Because a patchfile can contain differences of several files, each set of hunks starts with a similar two-line header, to indicate the source and the modified file to which the next hunks are related to. The timestamps are the modification time of each file.

The patchfile above is in unified format (diff -u option), bigger than the default normal context format below, but it adds the context lines needed by patch(1) to correctly apply the patchfile.

$ diff group.orig group
< bin:x:1:root,bin,daemon
< kmem:x:9:
< wheel:x:10:root,user1
< http:x:33:
< games:x:50:user1,user2

The meld GUI tool helps to clearly outline the 3 hunks:


Description of the hunk header, with the 3rd hunk:

@@ -17,8 +14,6 @@
  • -17 : from file (/tmp/group.orig), hunk context starts from the 17th line
  • ,8 : the hunk is 8 lines long
  • +14 : to file (/tmp/group), hunk context starts from the 14th line
  • ,6 : the hunk is 6 lines long

The context becomes obvious: 3 lines around the differences, this is the default diff(1) context.

Extracting hunks

The patch command does not allow to select the hunks to apply, only all hunks as a whole. Given the above example, it’s not possible to only apply the third hunk or only the first one.

However it’s sometimes handy to apply:

  • Only the huks related to a specific set of files
  • Only the hunks related to cosmetic changes
  • For a specific file, only the last hunk

I’ve still not found a way to do that directly with the patch(1) and diff(1), but I’ve found a trick: splitting out the hunks of a patchfile to separate files, one per hunk, or one per patched file.

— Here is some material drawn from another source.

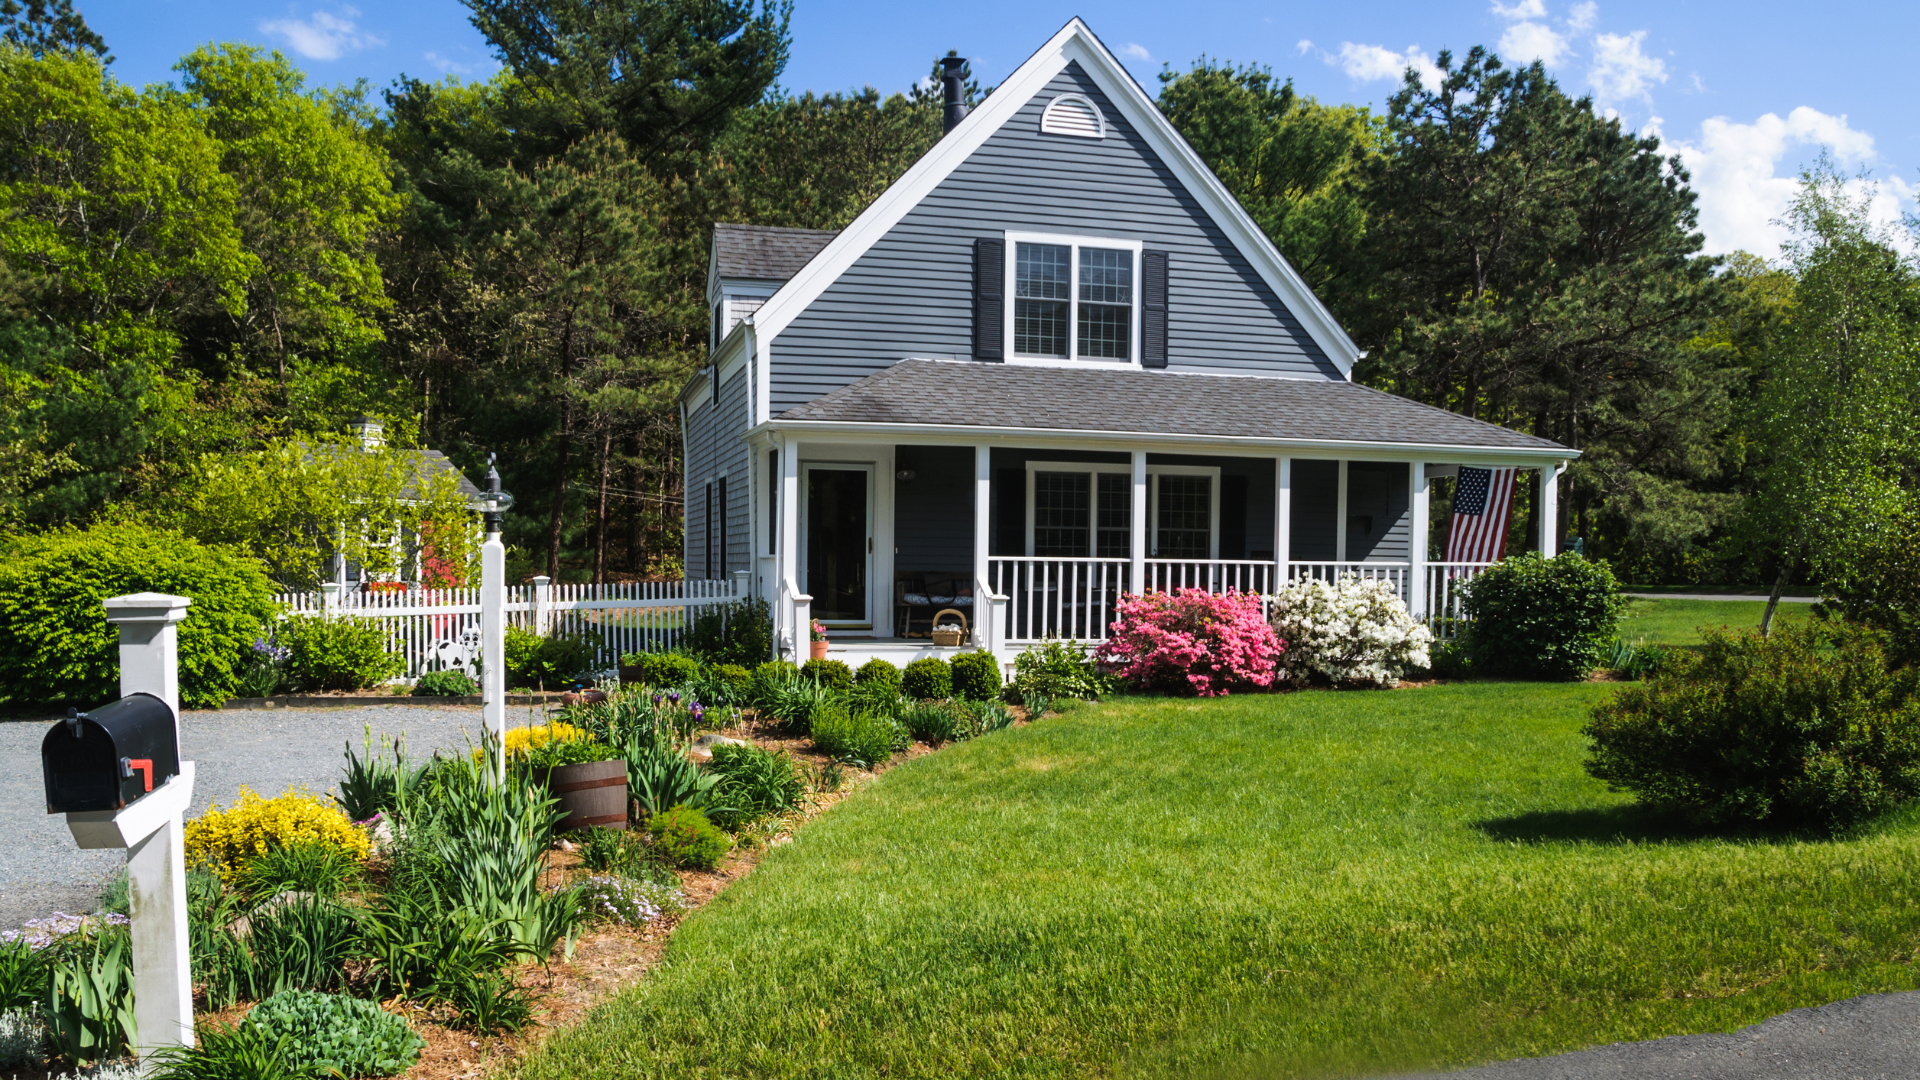 10 Simple Yet Effective Tips to Boost Your Home’s Curb Appeal

Splitpatch is a tool to automate this process.


Let’s take a realworld example from CFEngine repository:

splitpatch splits a patch that is supposed to patch multiple files into a set of patches. Currently splits unified diff patches. If the –hunk option is given, a new file is created for each hunk. If the –fullname option is given, new files are named using the full path of the patch to avoid duplicates in large projects.

* Fetch the patchfile we are going to use, and try to get some information thanks to *diffstat(1)*

$ wget https://github.com/cfengine/core/commit/6a2972ab804e903051987564e5c9a4182bcc5c6f.patch -o original.diff $ diffstat original.diff libpromises/evalfunction.c | 101 ++++—— libutils/string_lib.c | 7 tests/acceptance/01_vars/02_functions/readstringarrayidx.cf | 59 +++++ tests/acceptance/01_vars/02_functions/readstringarrayidx.cf.txt | 4 4 files changed, 116 insertions(+), 55 deletions(-)

The *original.diff* patchfile affects 4 files, with certainly many hunks, but it's hard to be more precise without having a look at the file.

* Split *original.diff* into a set of patchfiles, grouped by file modified:

$ ./splitpatch original.diff File null.patch already exists. Renaming patch. loic@iron[0]: ~/tmp/patch $ ls -1 evalfunction.c.patch null.patch null.patch.0 original.diff splitpatch string_lib.c.patch

* Check some patchfiles to verify they are each one related to only one file:

$ diffstat evalfunction.c.patch libpromises/evalfunction.c | 101 ++++++++++++++++++++++———————– 1 file changed, 50 insertions(+), 51 deletions(-)

$ diffstat string_lib.c.patch libutils/string_lib.c | 7 +++—- 1 file changed, 3 insertions(+), 4 deletions(-)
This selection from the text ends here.